*** Exercise inputs Section Begins ***

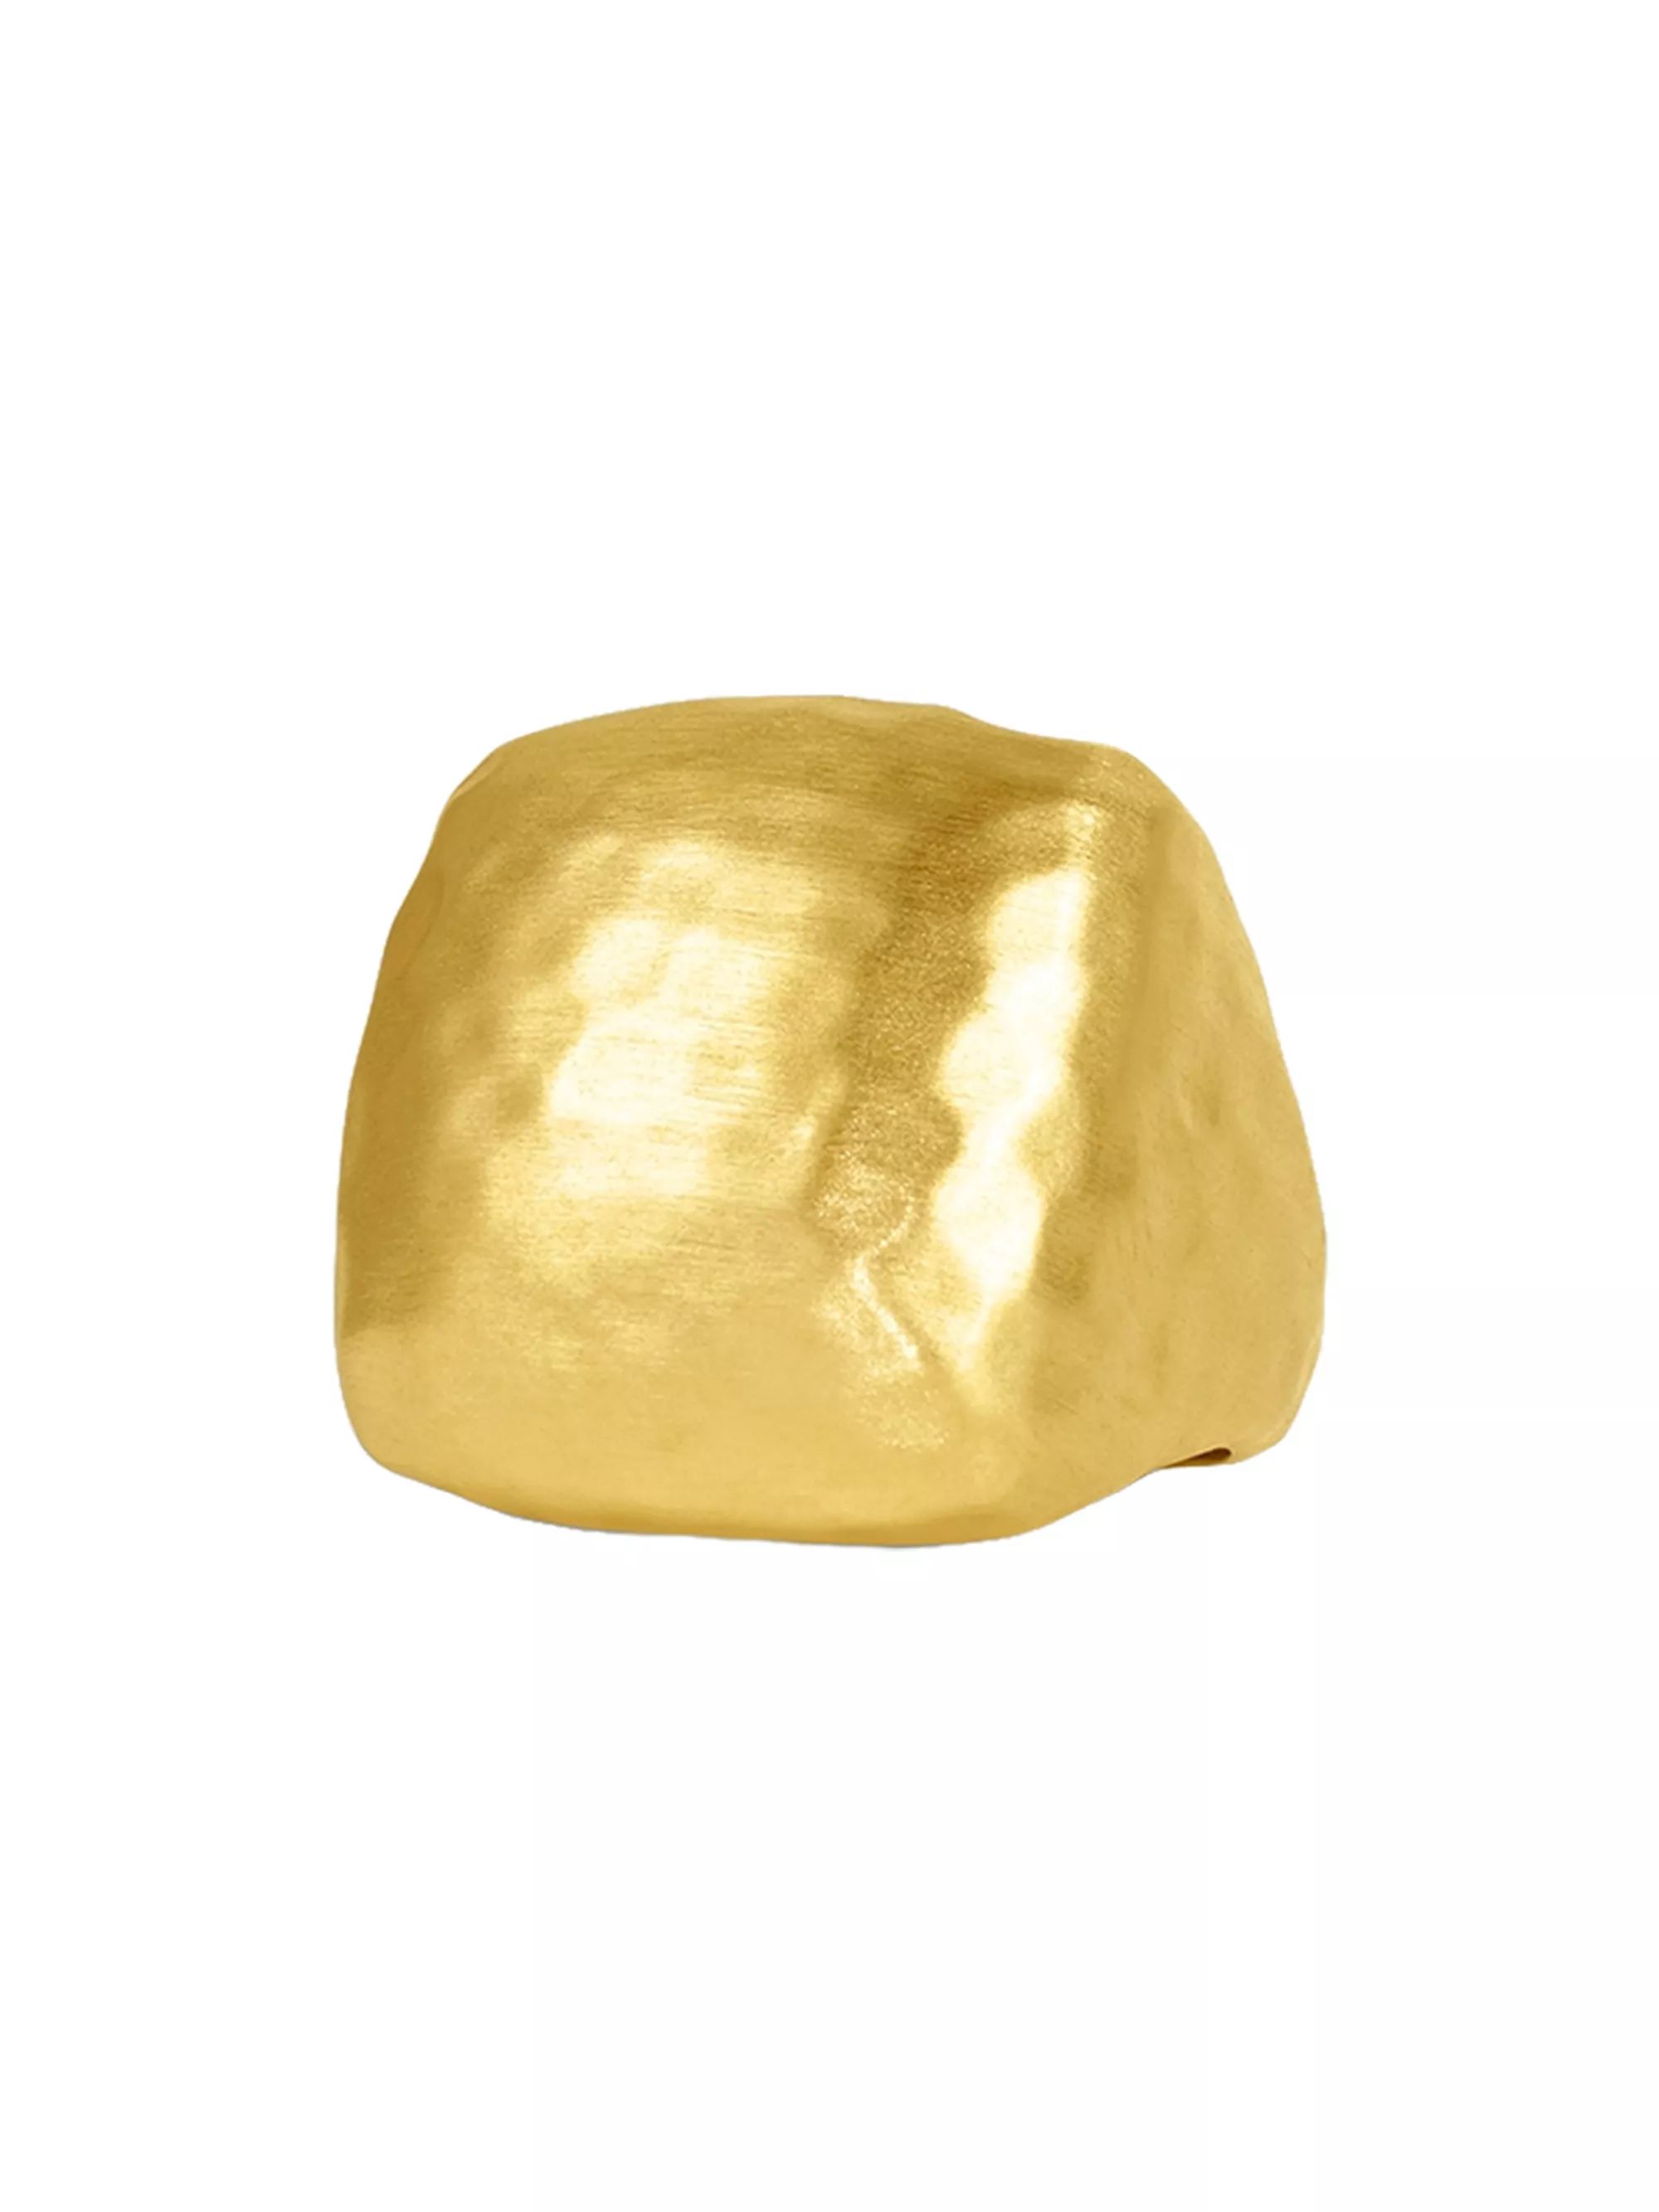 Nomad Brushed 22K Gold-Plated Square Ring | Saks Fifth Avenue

*** Exercise inputs Section Ends ***
*** Exercise inputs Section Begins ***

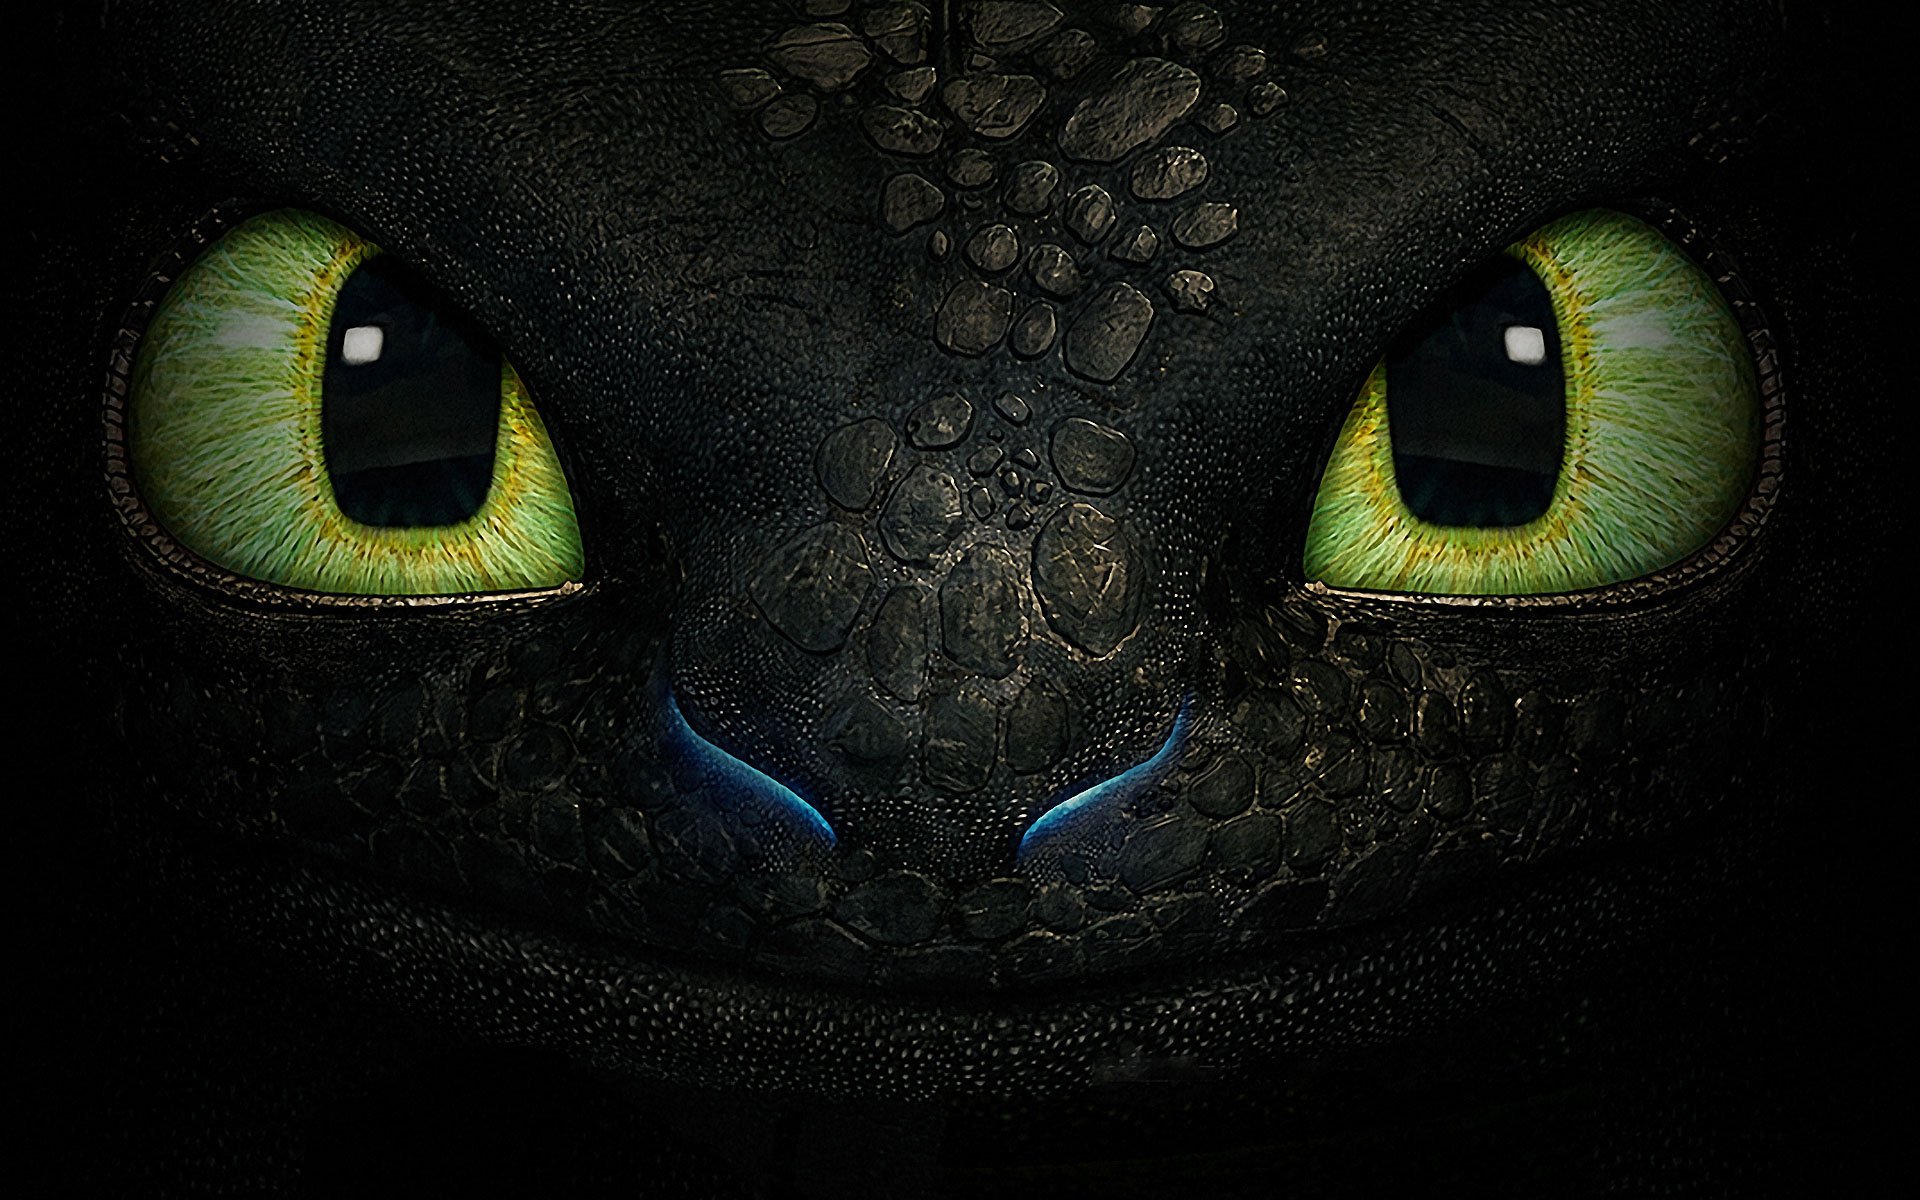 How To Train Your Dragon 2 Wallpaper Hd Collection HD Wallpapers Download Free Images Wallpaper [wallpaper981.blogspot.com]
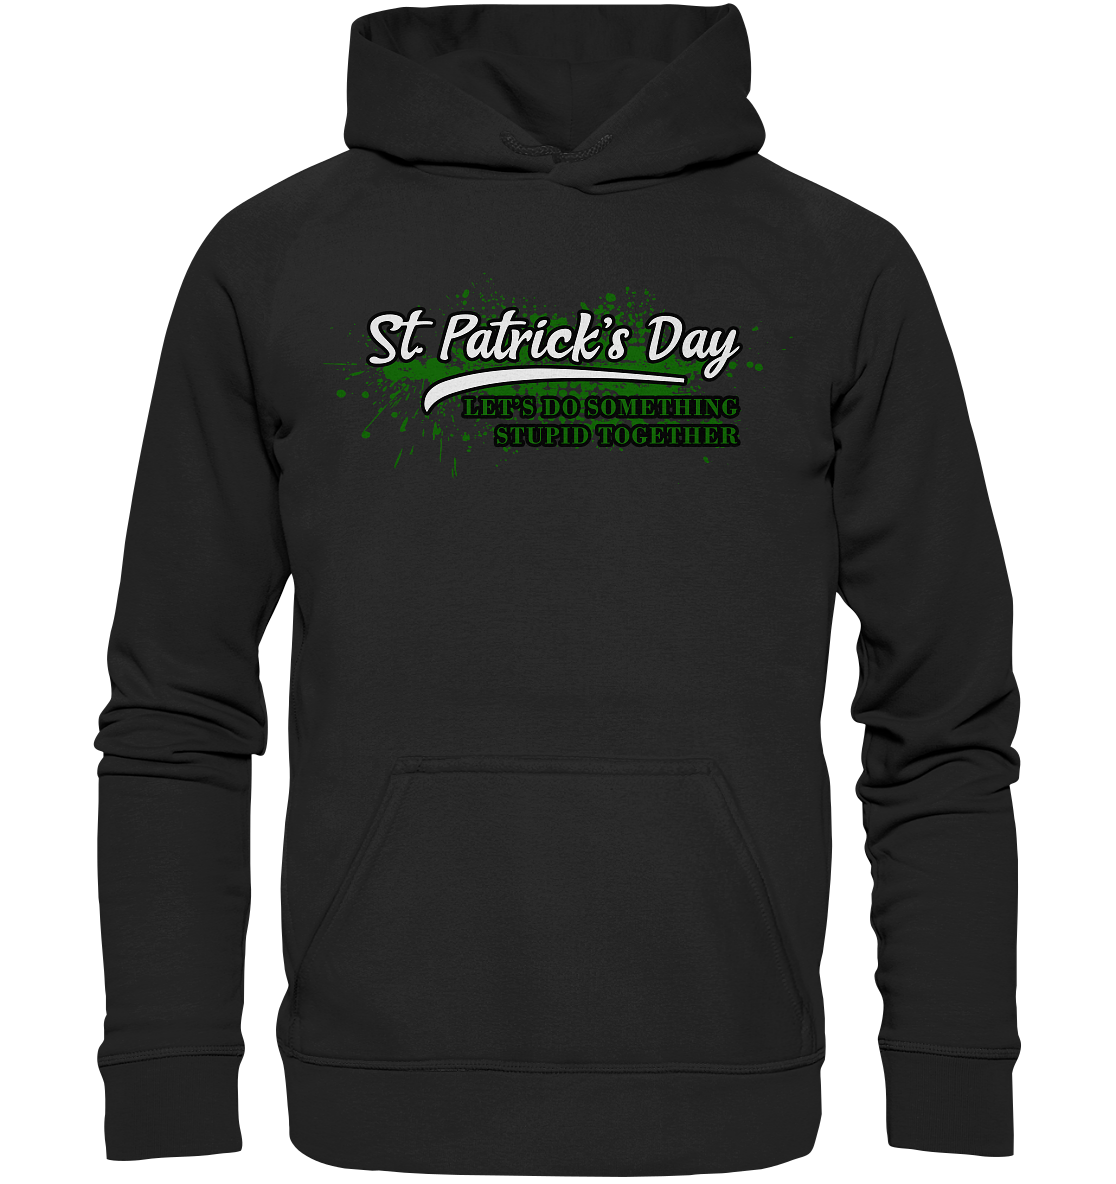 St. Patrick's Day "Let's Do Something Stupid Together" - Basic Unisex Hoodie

*** Exercise inputs Section Ends ***
*** Exercise inputs Section Begins ***

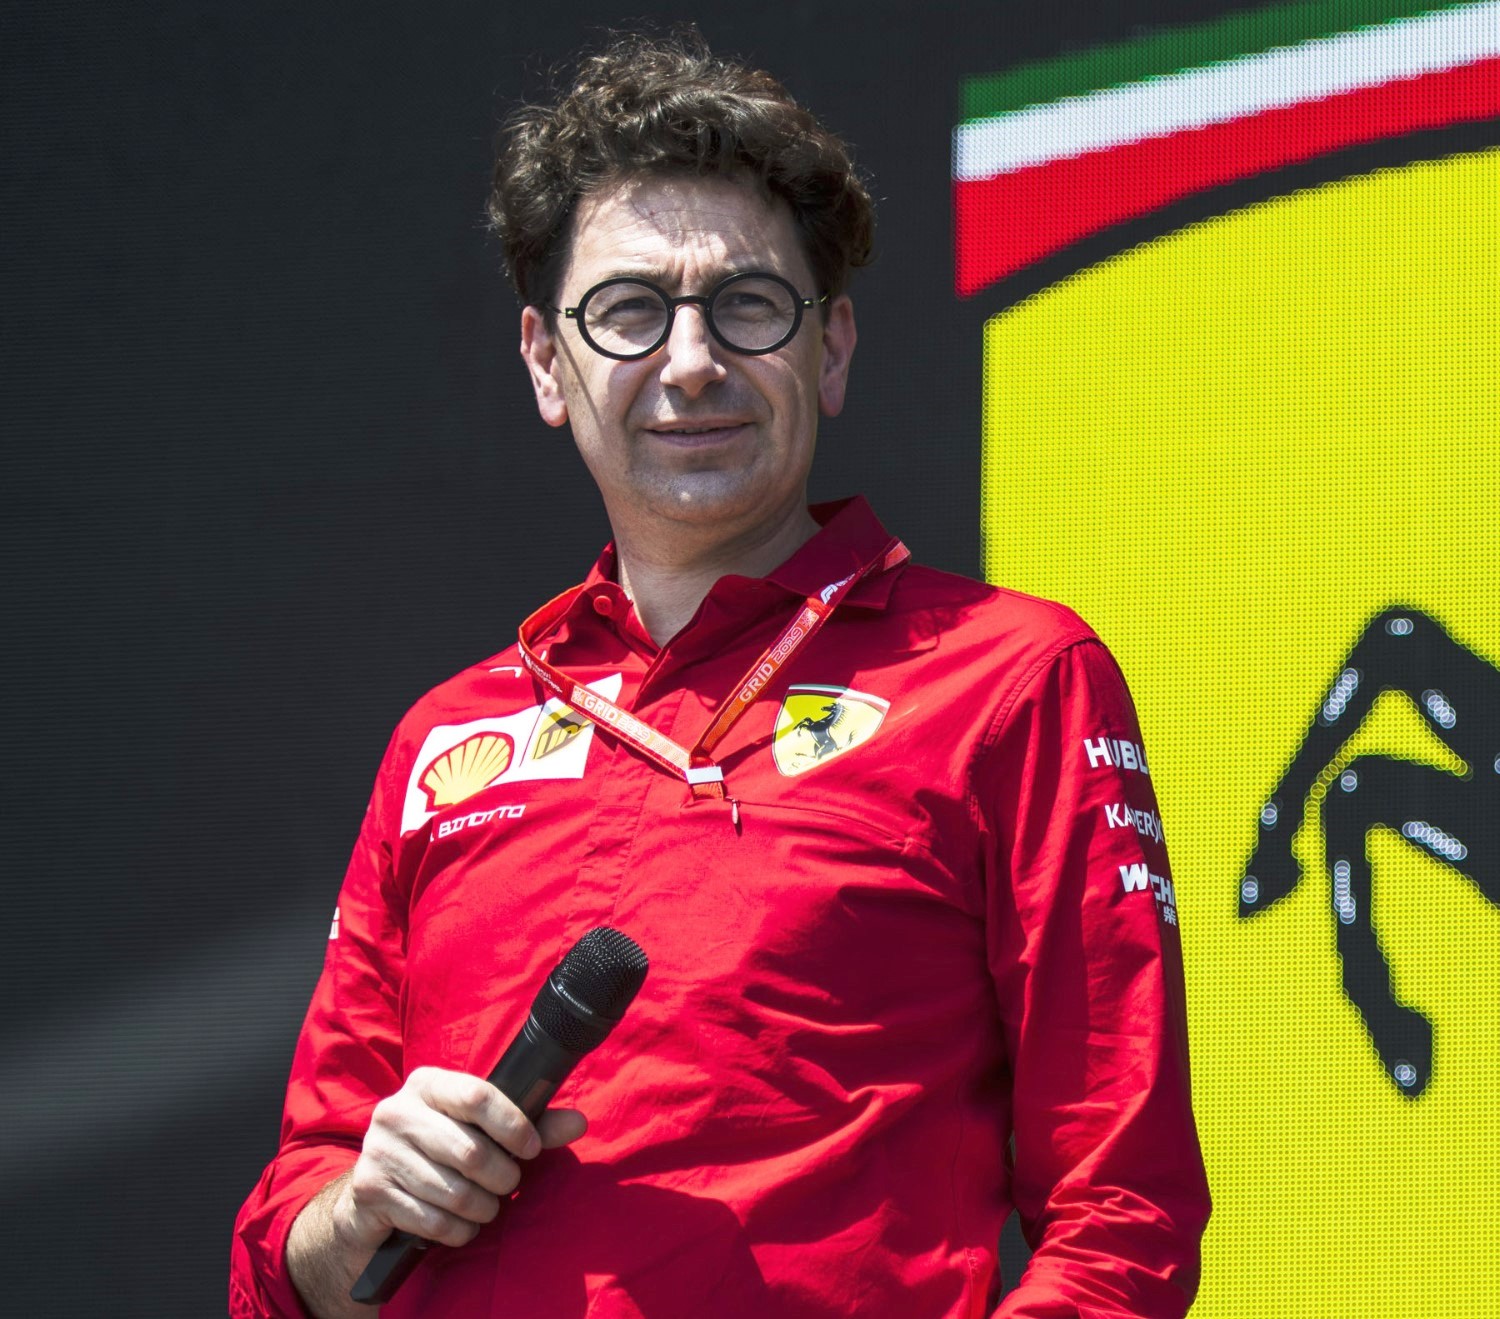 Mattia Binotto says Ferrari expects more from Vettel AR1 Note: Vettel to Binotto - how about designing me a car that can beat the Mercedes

*** Exercise inputs Section Ends ***

◆ Exercise:
Above, find the line holding "How To Train" and the line holding "St. Patrick's Day". Print exactly those two lines and every line between them, but no pictures.

◆ Written answer:
 How To Train Your Dragon 2 Wallpaper Hd Collection HD Wallpapers Download Free Images Wallpaper [wallpaper981.blogspot.com]
 St. Patrick's Day "Let's Do Something Stupid Together" - Basic Unisex Hoodie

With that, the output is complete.